I recently read an article regarding fees charged by banks to cash payroll checks. I am a small employer and I have no control over where my employees choose to cash their payroll checks. Can I be held responsible if a bank charges one of my employees to cash his or her payroll check?


Many banks charge fees to cash payroll checks. This practice has garnered some attention because California Labor Code Section 212 requires employers who pay their employees by paycheck to make payroll checks negotiable for the full face value, in cash, on demand, without discount at an established place of business in the state. If the drawee is a bank, the name and address of the bank need not appear on the paycheck unless the bank does not provide free check cashing at all locations. However, if you rely on some established place of business other than the paying bank to cash an employee’s payroll check, the name and address of the establishment must appear on the check. The legal question facing employers when banks charge employees a fee to cash their paychecks is whether the fee charged constitutes an illegal “discount” for which the employer may be held liable under Labor Code Section 212.

A related issue raised by your question is whether the bank can be liable for violating the Labor Code. There is a provision in Section 212(c) which appears to require a bank that issues payroll checks to cash the check without charging a fee. Further complicating this issue is the Federal Bank Act, which permits banks to charge fees for their services. The Federal Bank Act may preempt the California Labor Code.

Legal challenges to Labor Code Section 212 are currently being pursued by banks and employers, so it is unclear whether employers can be held liable for the check cashing fees charged by a bank. Although this is an unsettled area of law, there are certain precautions employers can take in order to comply with Labor Code section 212. Employers should investigate their bank’s policy to determine whether employees, without an account at the bank, can cash their paycheck at the issuing bank without incurring fees. If the bank on which you draw paychecks is only willing to provide free check cashing at a single location, then you must identify the location on the paychecks. Alternatively, if the bank provides free check cashing at all of its locations, then there is no need to identify a branch address on the paycheck.
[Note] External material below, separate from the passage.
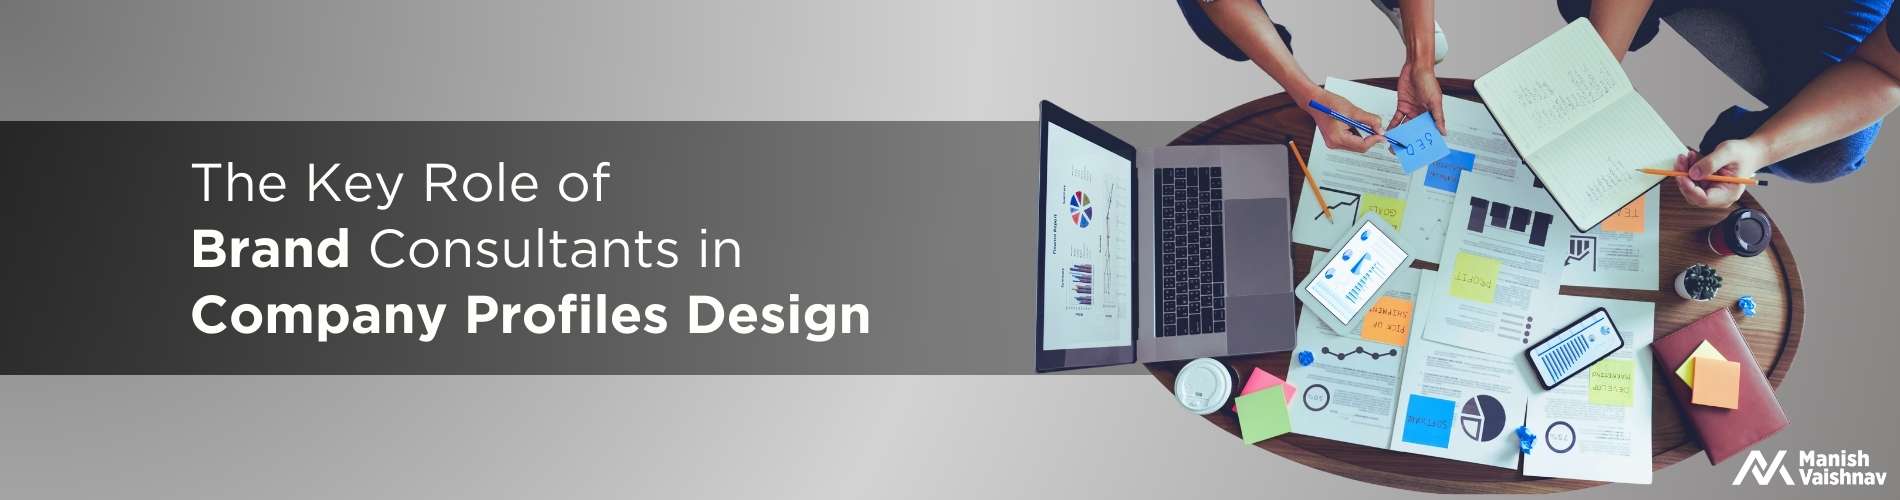 The Key Role of Brand Consultants in Company Profile Design - Banner, company profile design services, profile designer
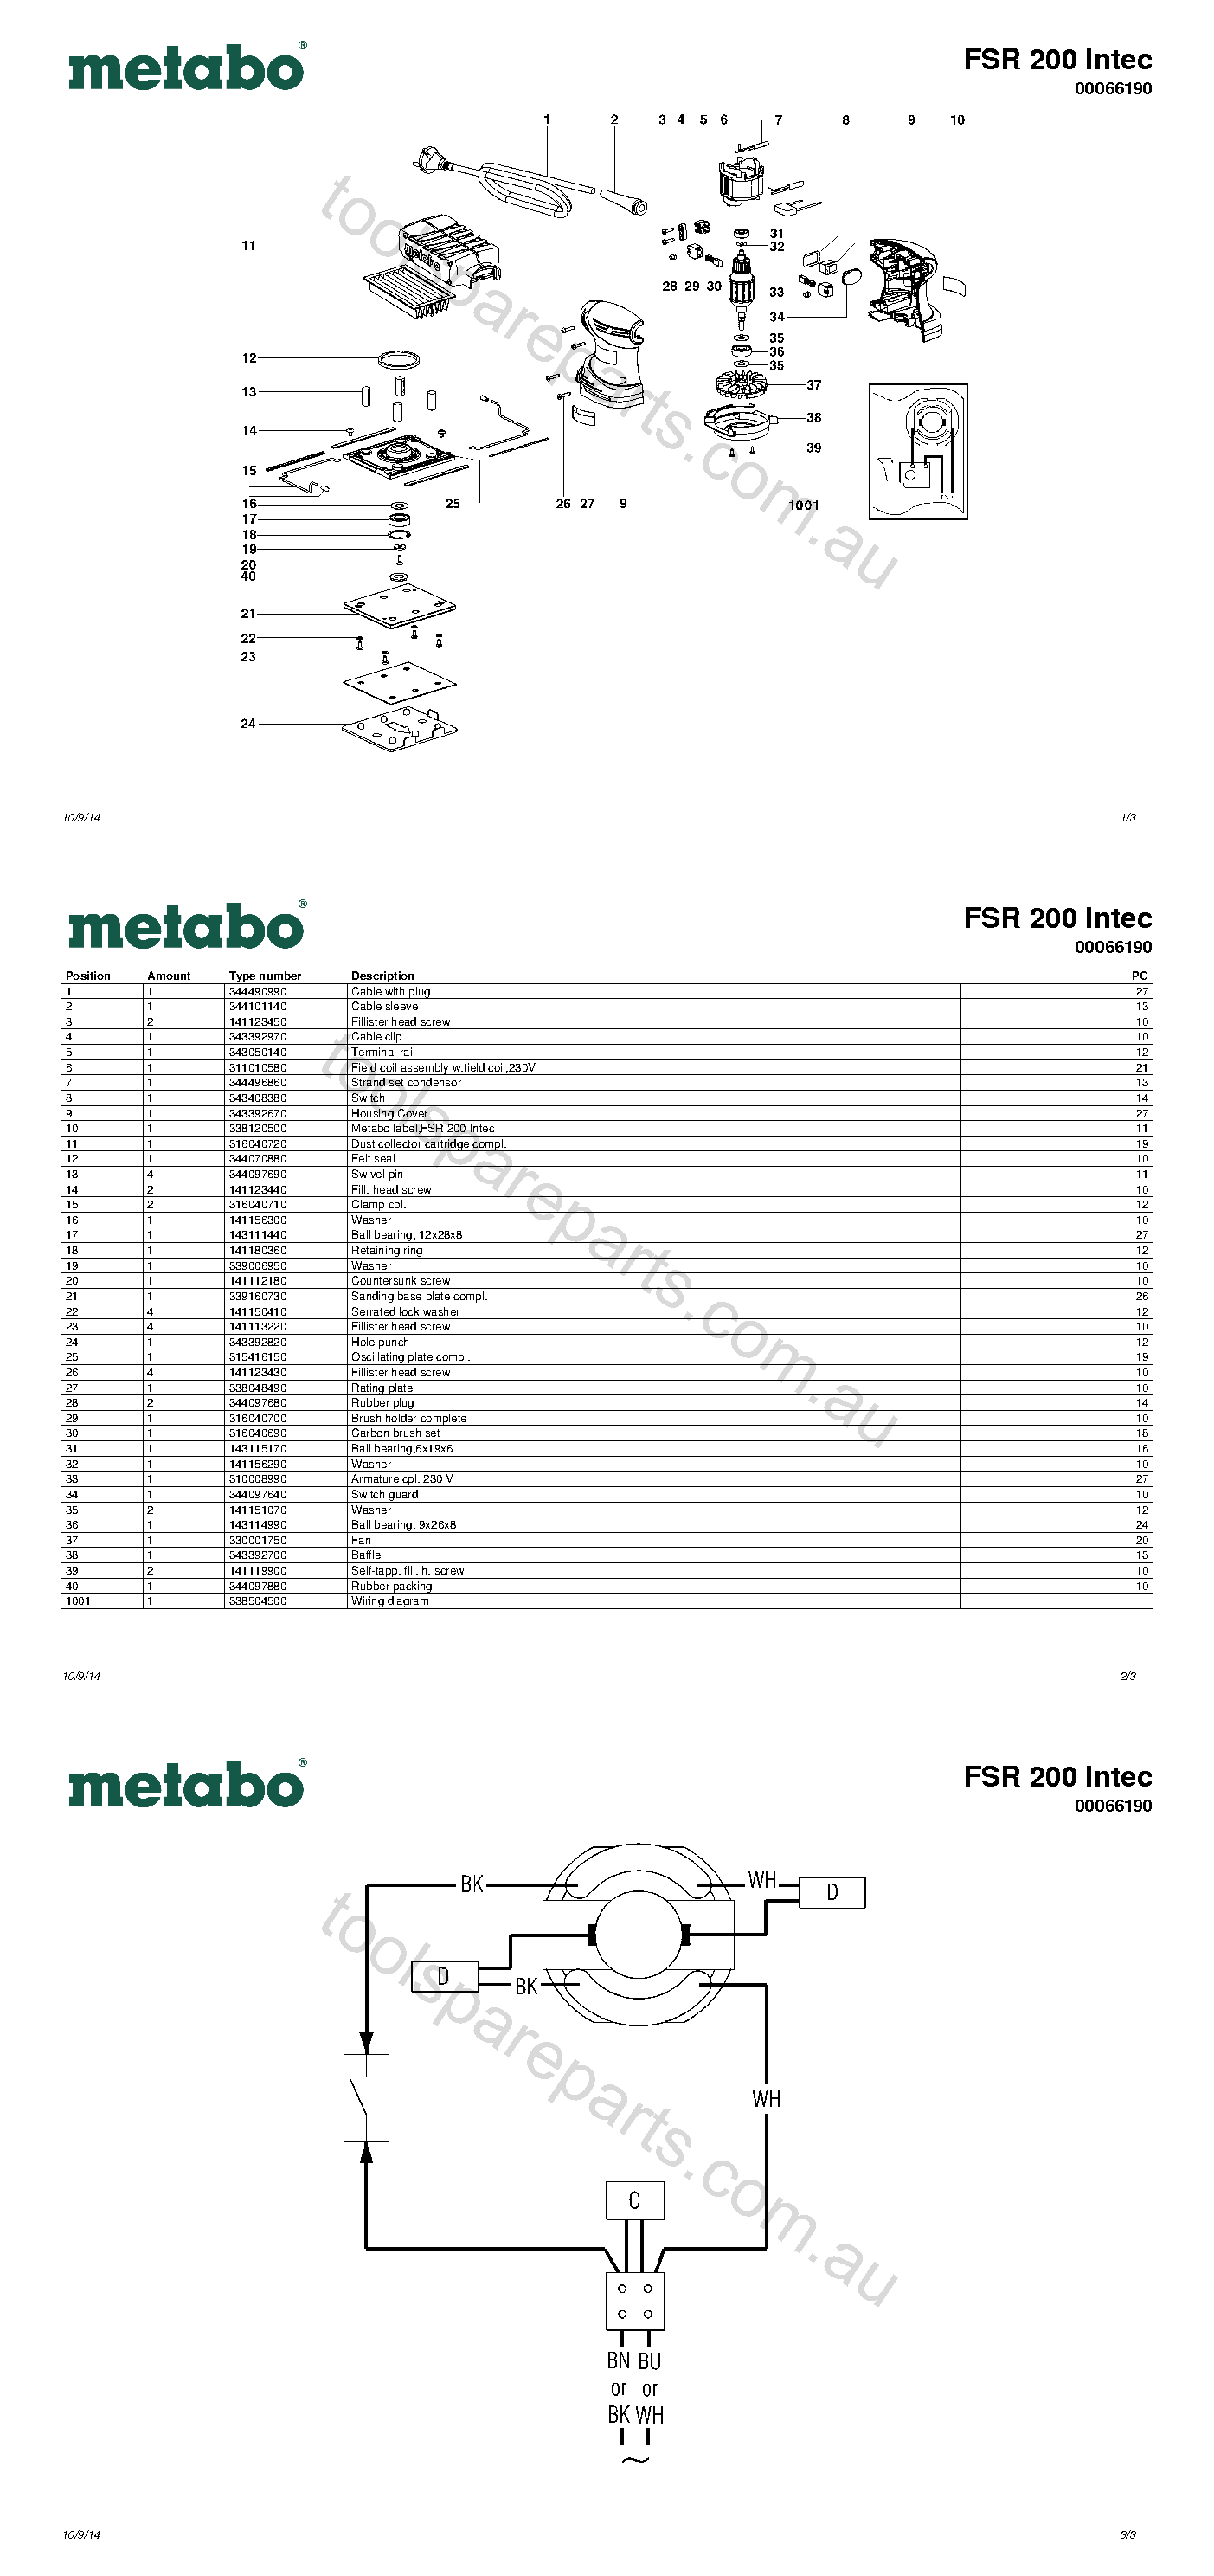 Metabo FSR 200 Intec 00066190  Diagram 1

If your bank is unwilling to provide free check cashing, employers should negotiate to see if the bank will waive the fee. Alternatively, employers may pay the bank’s fee on behalf of the employees. Finally, employers may provide in-house check cashing services to their employees. Ultimately, as long as employees are able to cash their paychecks at some established place of business in the state without discount and know where they can do so, the requirements of Labor Code section 212 are satisfied.